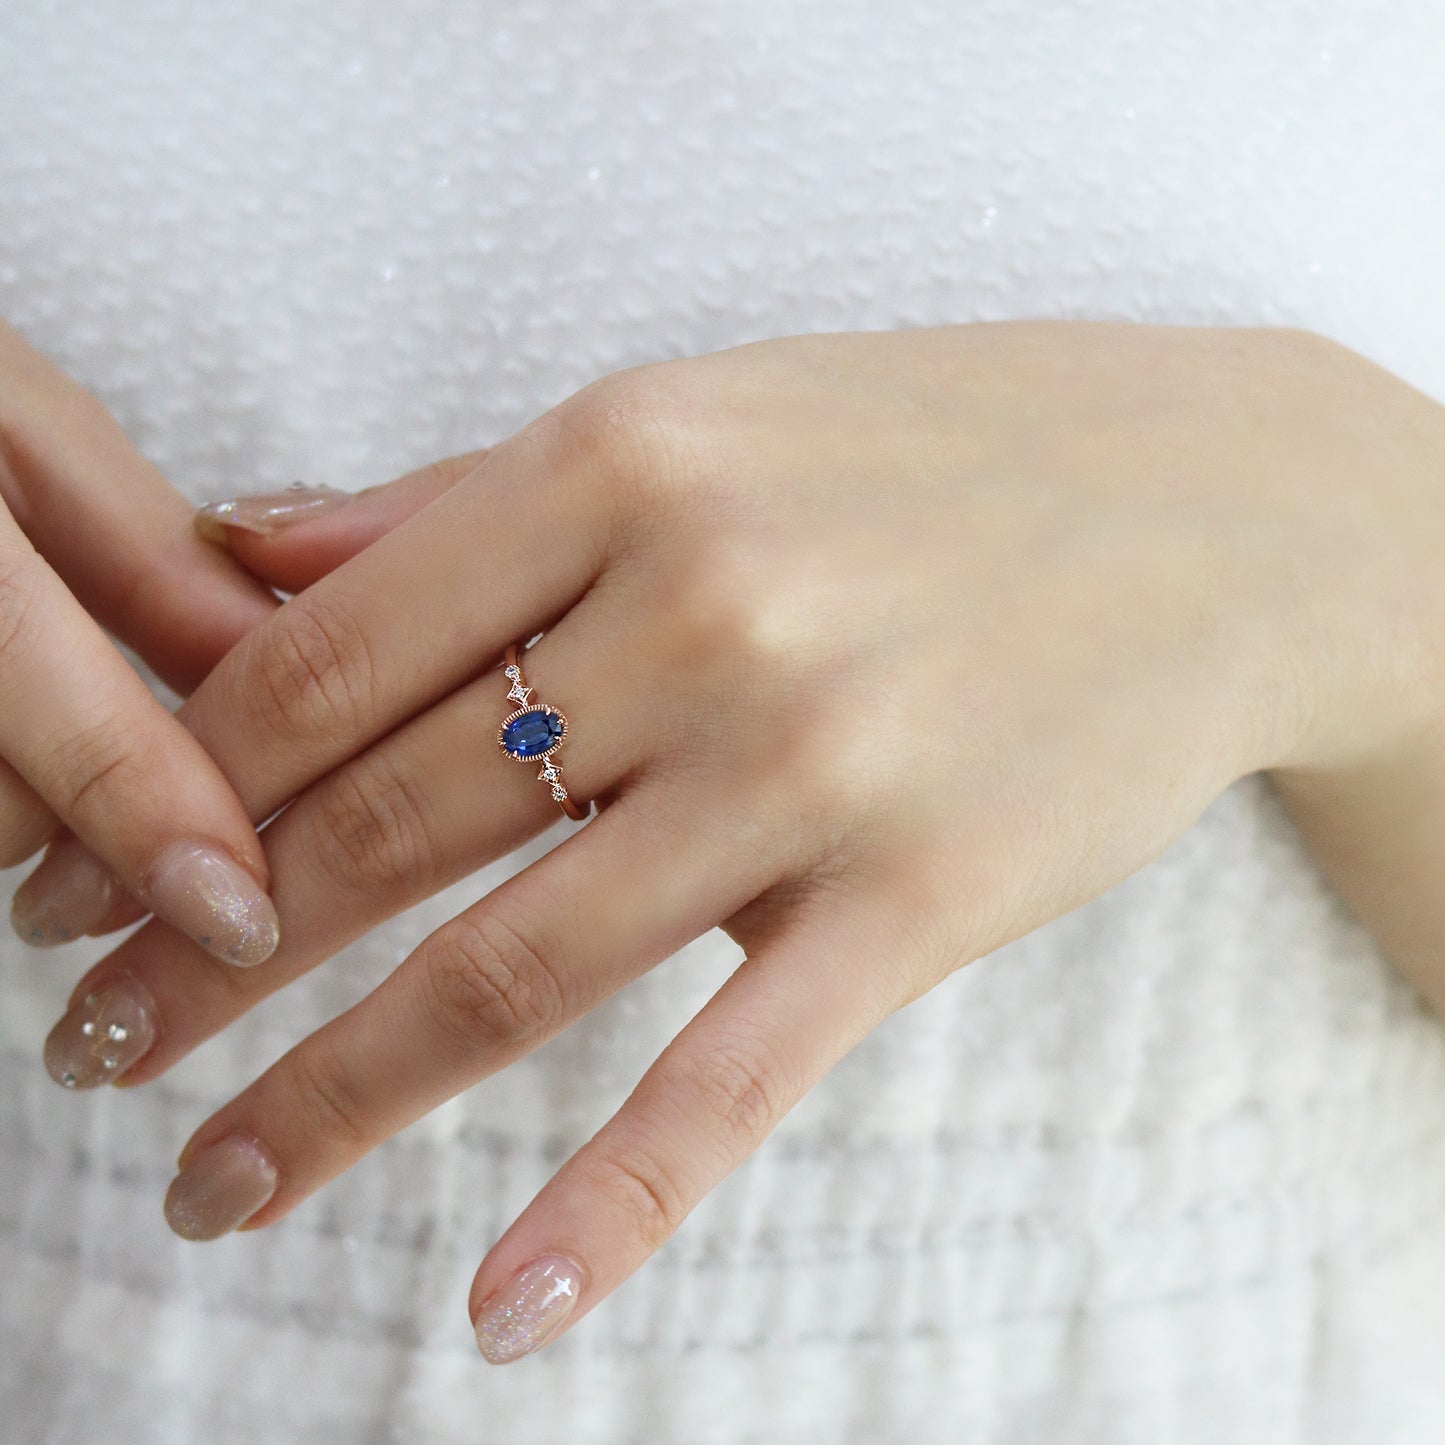 18k玫瑰金復古藍寶石鑽石戒指在中指上 18k Rose Gold Vintage Sapphire Diamond Ring on middle finger
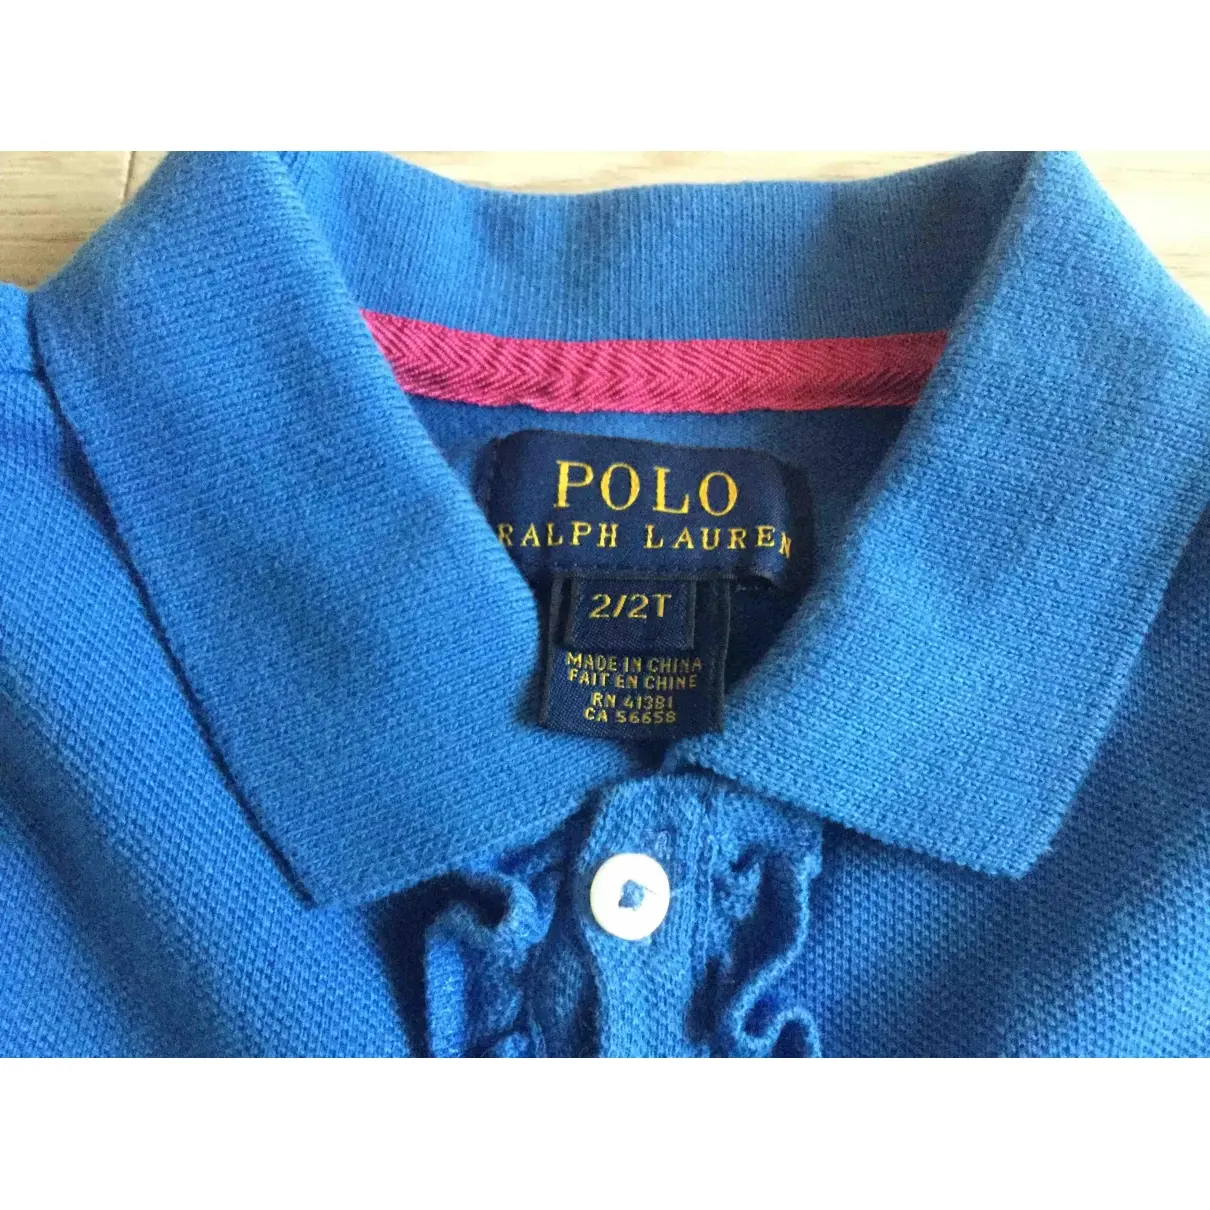 Buy Polo Ralph Lauren Polo online
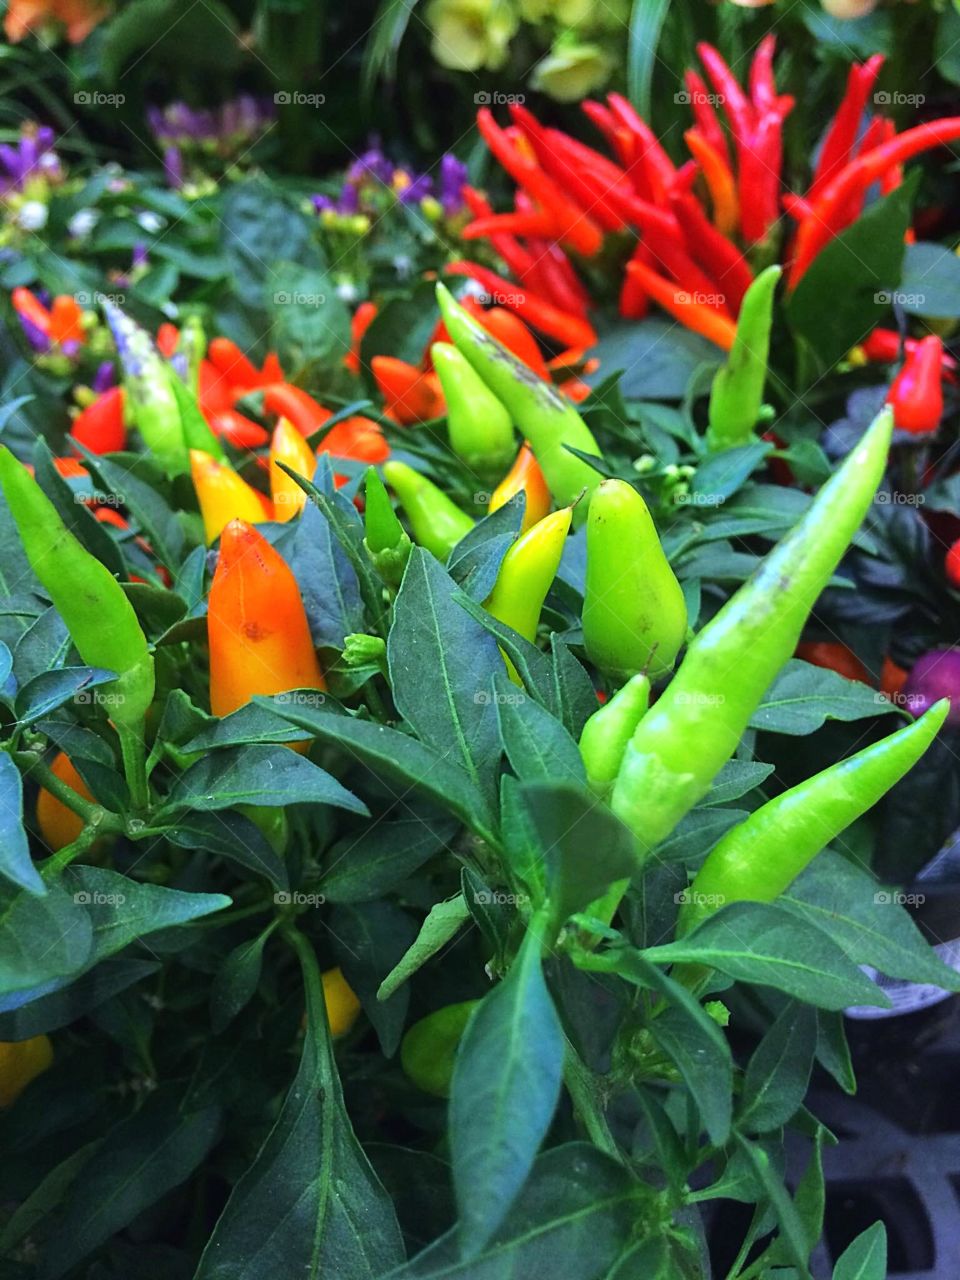 Ornamental peppers 
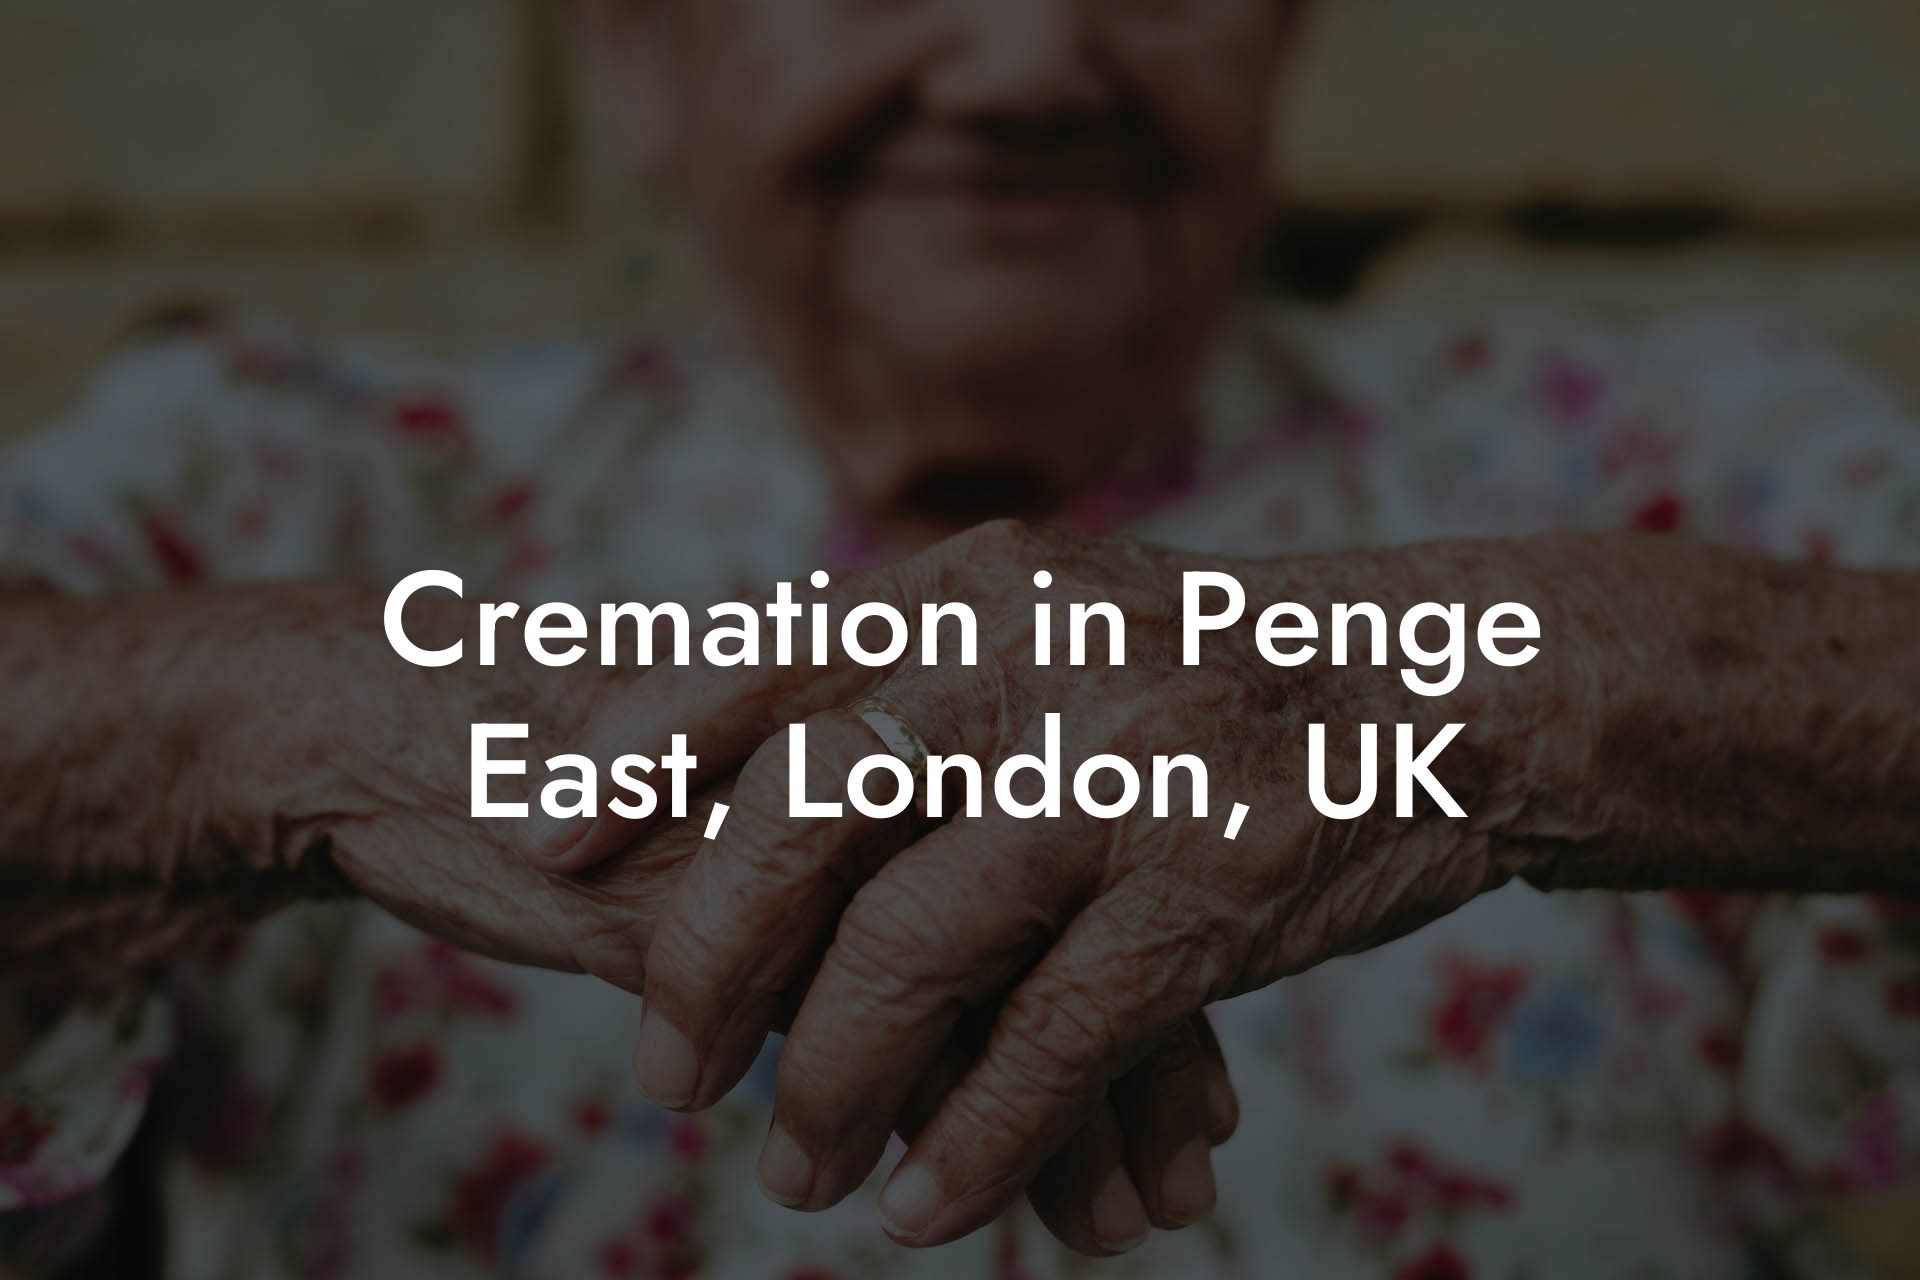 Cremation in Penge East, London, UK
------------
About this exercise: From the line that contains "Buy Polo Ralph Lauren Polo online" to the end of the material above, output every line exactly, both ends included, but leave out any pictures.

Answer:
 Buy Polo Ralph Lauren Polo online
 Ornamental peppers 
 Cremation in Penge East, London, UK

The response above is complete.